In [None]:
# Building the Golden Set!

# So our "golden set" takes the form of a JSON dictionary
# {eng word: chn word, eng word: chn word, eng word: chn word... } etc.
# We'll be taking this golden set from 4 different dictionaries
# Yabla, Cambridge, MDBG, and the Facebook AI set

# First we compile a set of ALL english keys from every data set
import json

with open("../Cambridge/JSON Data/full cdict three senses.json", encoding="utf-8-sig") as in_file:
    cdict = json.load(in_file)
    cdictWords = list(cdict.items())

with open("../MDBG/JSON Data/full mdbg dict three senses.json", encoding="utf-8-sig") as in_file:
    mdbgdict = json.load(in_file)
    mdbgWords = list(mdbgdict.items())

with open("../Yabla/JSON Data/yabla dict jsons/full yabla dict.json", encoding="utf-8-sig") as in_file:
    ydict = json.load(in_file)
    ydictWords = list(ydict.items())

with open("../processed enzhDict.json", encoding="utf-8-sig") as in_file:
    facebookDict = json.load(in_file)
    facebookWords = list(facebookDict.items())
allWords = cdictWords + mdbgWords + ydictWords + facebookWords

# with open("allWords.txt", "w", encoding="utf-8-sig") as out_file:
#       out_file.write("\n".join(allWords))

In [2]:
# Then we check all four to see the text equivalents
# If a word has the same translation in AT LEAST three datasets:
# add to golden set dictionary
# else, continue
# we can make quick modifications to input word to golden set if it has same translation
# in at least two, but this would involve dealing with possible ties

goldenSet = {}

for pair in allWords:
    (key, senselist) = pair
    for sense in senselist:
        cdictEquiv = cdict.get(key)
        mdbgdictEquiv = mdbgdict.get(key)
        ydictEquiv = ydict.get(key)
        facebookEquiv = facebookDict.get(key)

        # Makes temporary list with all four translation equivalents
        temp = [cdictEquiv, mdbgdictEquiv, ydictEquiv, facebookEquiv]

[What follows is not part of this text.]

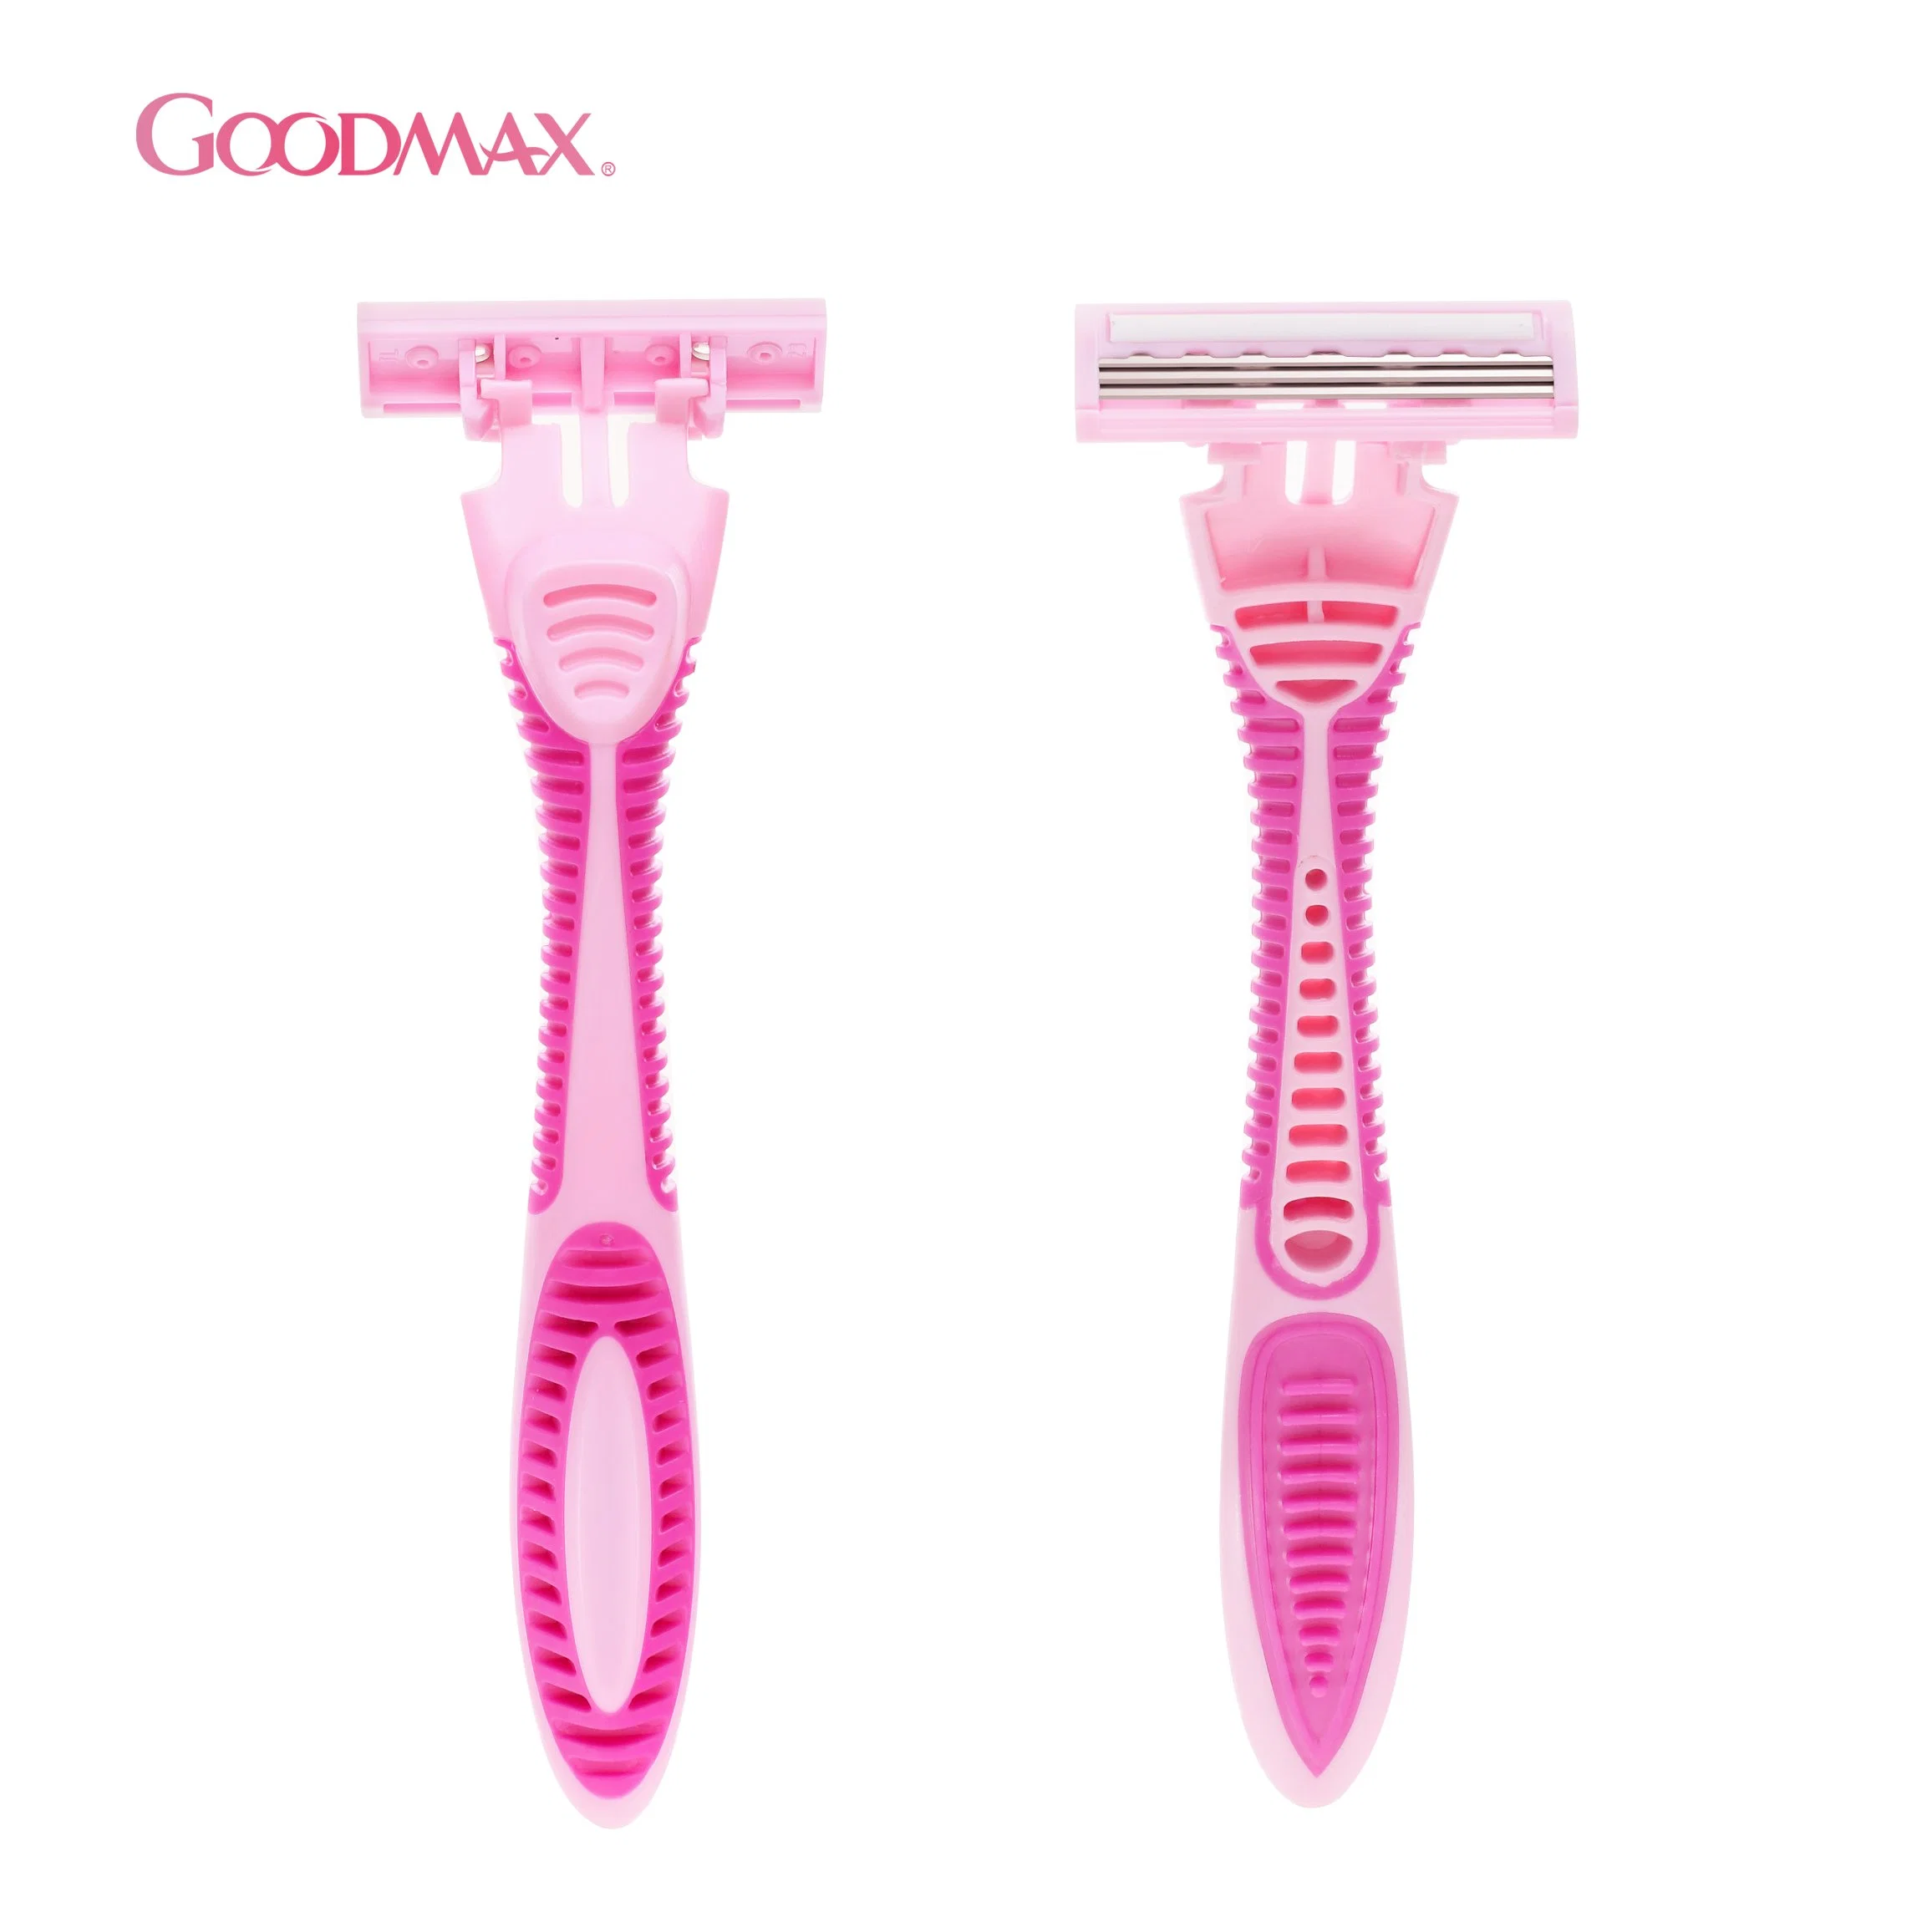 Afeitadora de afeitado desechable de gran forma con triple cuchilla para mujer (Goodmax)

        wordCounts = dict()
        # Making a word count dictionary for each equivalent in the list
        for wordlist in temp:
            if wordlist == None:
                continue
            for chnWord in wordlist:
                if chnWord == None:
                    continue
                if chnWord != sense:
                    continue
                wordCounts[chnWord] = wordCounts.get(chnWord, 0) + 1
                

        # Adding a ENG-ZH pair to the golden set if it occurs in 3 or more dictionaries
        for count in wordCounts:
            if wordCounts[count] >= 3:
                if goldenSet.get(key) == None:
                    goldenSet[key] = [count]
                elif count not in goldenSet.get(key):
                    goldenSet[key].append(count)

with open("full golden set.json", "w", encoding="utf-8-sig") as out_file:
    json.dump(goldenSet, out_file, indent=4, ensure_ascii=False)